Tumor cells recapitulate morphology and central gene expression profiles of non-malignant cells, which is the basis for histopathological and immunohistochemical classification of solid tumors. The differentiation traits, apparent or delicate, together with location of the primary tumor, determine the histopathological diagnosis. Both at the morphological and molecular levels, the degree or stage of differentiation of the tumor cells is estimated, and depending on the outcome of these estimations tumors are often viewed as being arrested at early or late stages of differentiation. However, whether a given tumor cell differentiation stage reflects a distinct stage during normal development has to our knowledge not been studied in any detail. Based on our own neuroblastoma data, we would claim that this is not the case. While normally developing human sympathetic neuroblasts appear to express a given set of genes in a co-ordinated and repeated fashion between embryos (30), only a subset of the same set of genes is usually expressed in a given tumor, and this subset can differ from one tumor to another and between tumor cells within a tumor as exemplified by the neuron-specific enolase (ENO2) expression (in neuroblastoma and ganglioma, the differentiated form of neuroblastoma) (Figure 2) (31). Thus, we would like to claim that differentiation pathways are disorganized in neuroblastoma and that this aberrant differentiation is a tumor characteristic. We hypothesize that this might also be the case in many other tumor forms.

Figure 2.

Human neuroblastoma specimens stained for neuron-specific enolase by immunohistochemistry. Sections of a neuroblastoma bone-marrow metastasis (A) and a ganglioneuroma specimen (B), respectively, stained for neuron-specific enolase (ENO2) expression. Note that tumor cells differ considerably in neuron-specific enolase levels, both at a more immature (panel A) and at a differentiated (panel B) stage. Arrows show enolase-positive and arrow-heads show enolase-negative tumor cells.

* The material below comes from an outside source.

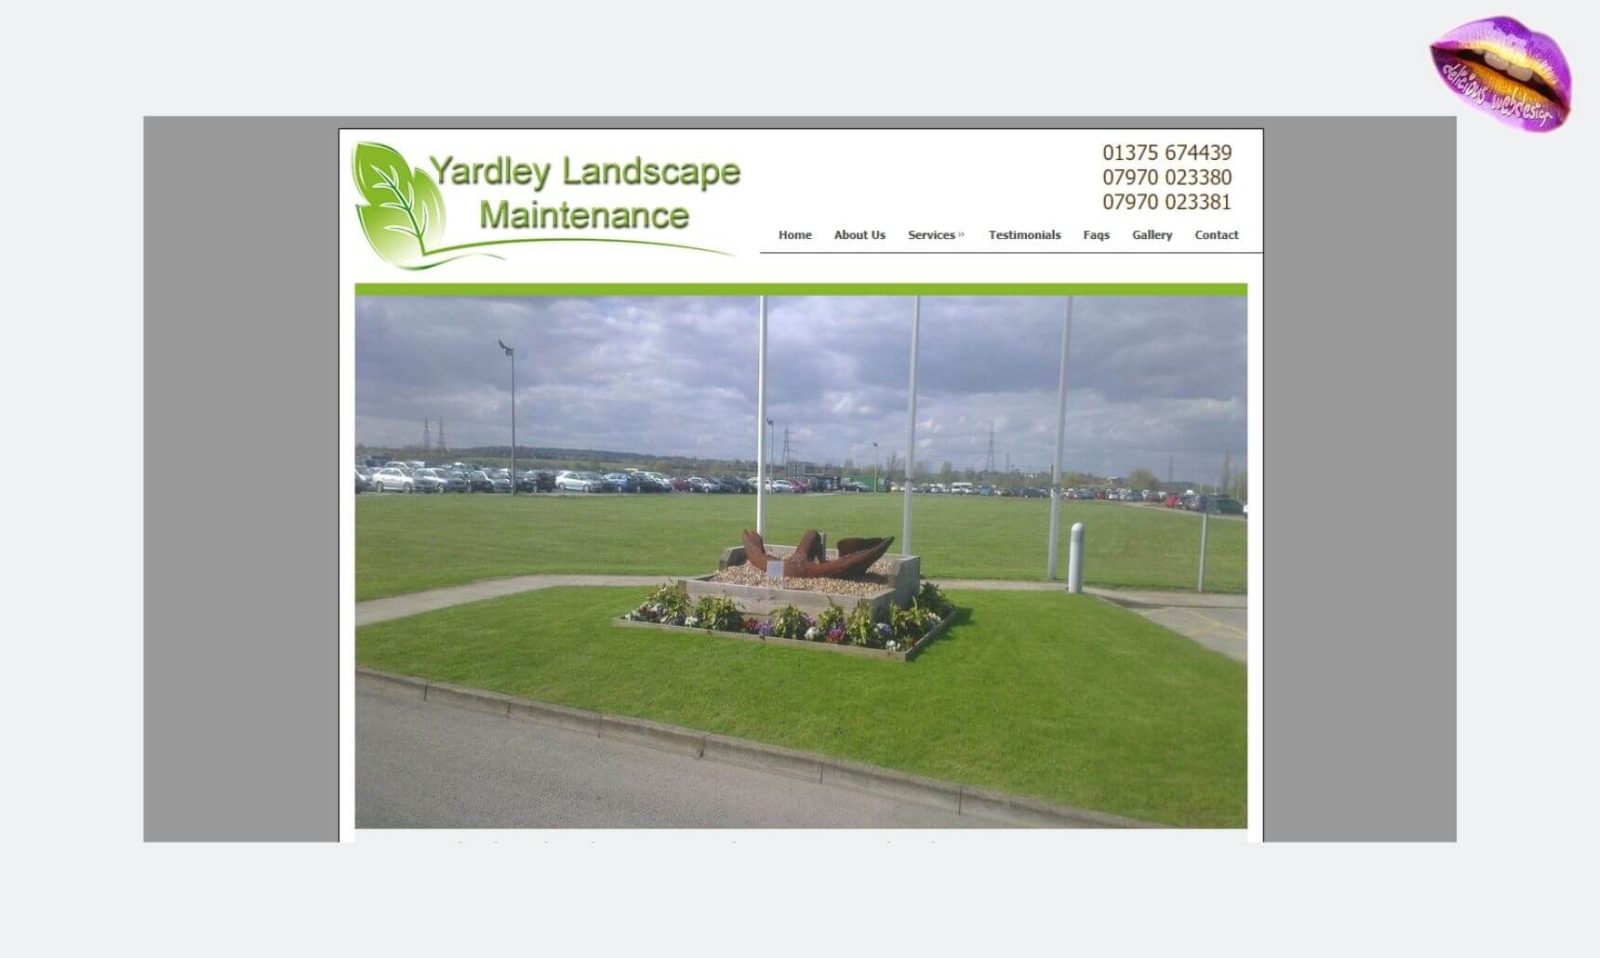 Yardley Landscapes

Similarly, when tumor cells dedifferentiate, do they then play back and recapitulate in reverse the developmental stages that once formed them? And when for instance hypoxic cells develop stem cell-like phenotypes, do they indeed become stem cells? These are central questions as they relate to the concept of tumor stem cells or tumor-initiating cells. Without formal proofs and experimental backup, we assume that the stem cell phenotype of tumor cells only mimics that of the cognate stem cell. However, as demonstrated in glioma, the glioma stem cells have the capacity of neural stem cells to give rise to distinct non-glial differentiation lineages (32,33). Thus, while the transcriptome of tumor stem cells may not fully match that of the cognate stem cells, pluripotent tumor cells with stem cell phenotype and capacity probably contribute significantly to the phenotypic heterogeneity seen in solid cancers where the EMT process perhaps is the most extensively studied.